Medvedev declared he has ordered the Russian defense ministry to “immediately” put radar systems in Kaliningrad that warn of incoming missile attacks on a state of combat readiness. He called for extending the targeting range of Russia’s strategic nuclear missile forces and re-equipping Russia’s nuclear arsenal with new warheads capable of piercing the US/NATO defense shield due to become operational in six years, by 2018. Medvedev also threatened to pull Russia out of the New START missile reduction treaty if the United States moves as announced.
Medvedev then correctly pointed to the inevitable link between “defensive” missiles and “offensive” missiles: “Given the intrinsic link between strategic offensive and defensive arms, conditions for our withdrawal from the New Start treaty could also arise,” he said.2
The Russian President didn’t mince words: “I have ordered the armed forces to develop measures to ensure, if necessary, that we can destroy the command and control systems” of the US shield, Medvedev said. “These measures are appropriate, effective and low-cost.” Russia has repeatedly warned that the US BMD global shield is designed to destabilize the nuclear balance and risks provoking a new arms race. The Russian President said that rather than take the Russian concerns seriously, Washington has instead been “accelerating” its BMD development.3
It was not the first time Medvedev threatened to take countermeasures to the increasing Pentagon military encirclement pressure on Russia. Back in November 2008 as the US BMD threat was first made known to the world, Medvedev made a televised address to the Russian people in which he declared, “I would add something about what we have had to face in recent years: what is it? It is the construction of a global missile defense system, the installation of military bases around Russia, the unbridled expansion of NATO and other similar ‘presents’ for Russia we therefore have every reason to believe that they are simply testing our strength.” 4 That threat was dropped some months later when the Obama Administration offered the now-clearly deceptive olive branch of reversing the BMD decision to deploy in Poland and the Czech Republic.
Russia is threatening to deploy its Iskander anti-BMD missiles in Kaliningrad
This time around Washington lost no time signaling it was in the developing game of thermonuclear chicken to stay.

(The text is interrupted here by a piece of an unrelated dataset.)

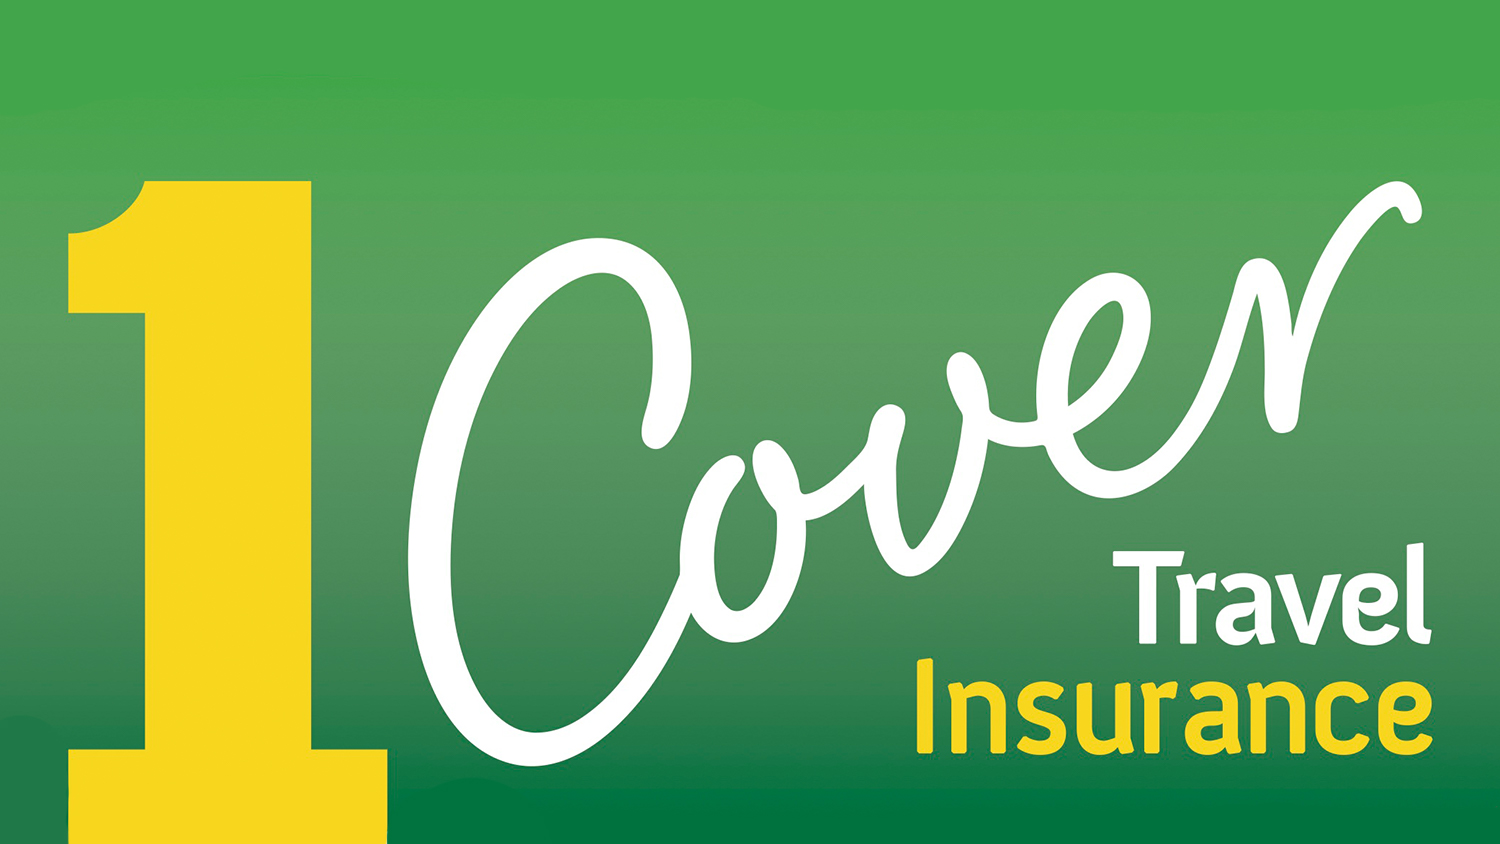 1cover travel insurance product review

No more pretty words about “reset” in US-Russia relations. A spokesman for the Obama National Security Council declared, “we will not in any way limit or change our deployment plans for Europe.” The US Administration continues to insist on the implausible argument that the missile defense installations are aimed at a threat from a possible Iranian nuclear launch, something hardly credible. The real risk of Iranian nuclear missile attack on Europe given the reality of the global US as well as Israeli BMD installations and the reality of Iran’s nuclear delivery capabilities, is by best impartial accounts, near zero.
Two days earlier on November 21, Washington had thrown a small carrot to Moscow. US Undersecretary of State for Arms Control Ellen Tauscher said that Washington was ready to provide information about the missile’s speed after it uses up all of its fuel. This information, referred to as burnout velocity (VBO), helps to determine how to target it.5 That clearly was not seen as a serious concession by Moscow, which demands a full hands-on partnership with the US/NATO missile deployment to insure it will never be used against Russia. After all, given Washington’s track record of lies and broken promises, there is no guarantee the speeds would even be true.

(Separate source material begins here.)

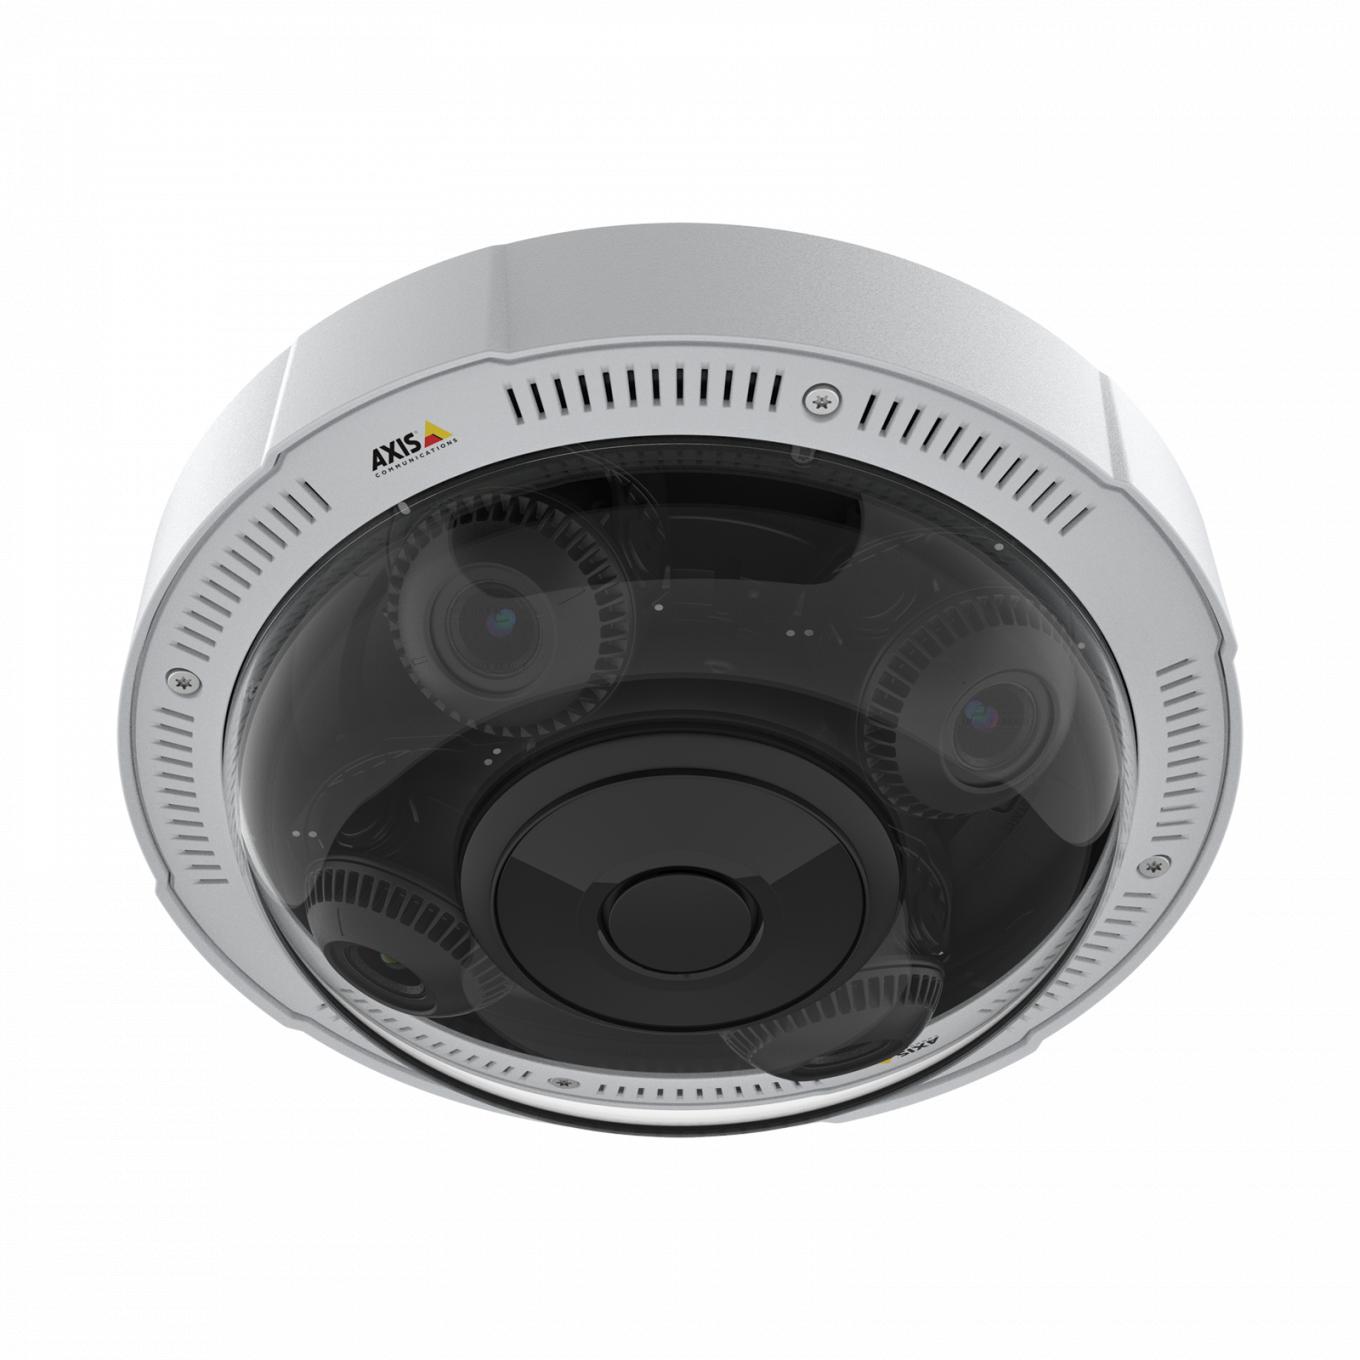 AXIS P3727-PLE Panoramic Camera, viewed from its left angle

After the early October Brussels NATO defense ministers meeting, NATO head Anders Fogh Rasmussen said in regard to the nominally NATO European Missile Defense Program, “We would expect it to be fully operational in 2018.” Spain just announced it plans to join the US-controlled missile program, joining Romania, Poland, the Netherlands and Turkey, which have already agreed to deploy key components of the future missile defense network on their territories.6
The concerns of Russia are caused by the dramatic improvement of an entire system of missile defense by Washington, which is taking the form of a global BMD system encircling Russia on all sides.
Full Spectrum Dominance…
The last time Washington’s Missile Defense “Shield” made headlines was in September 2009 early in the Obama Administration when the US President offered to downgrade the provocative stationing of US special radar and anti-missile missiles in Poland and the Czech Republic. That was a clear tactic to prepare the way for what Hillary Clinton ludicrously called the “reset” in US-Russian relations from the tense Bush-Putin days. However the strategic goal of encircling the one nuclear potential opponent in the world with credible missile defense remained US strategy.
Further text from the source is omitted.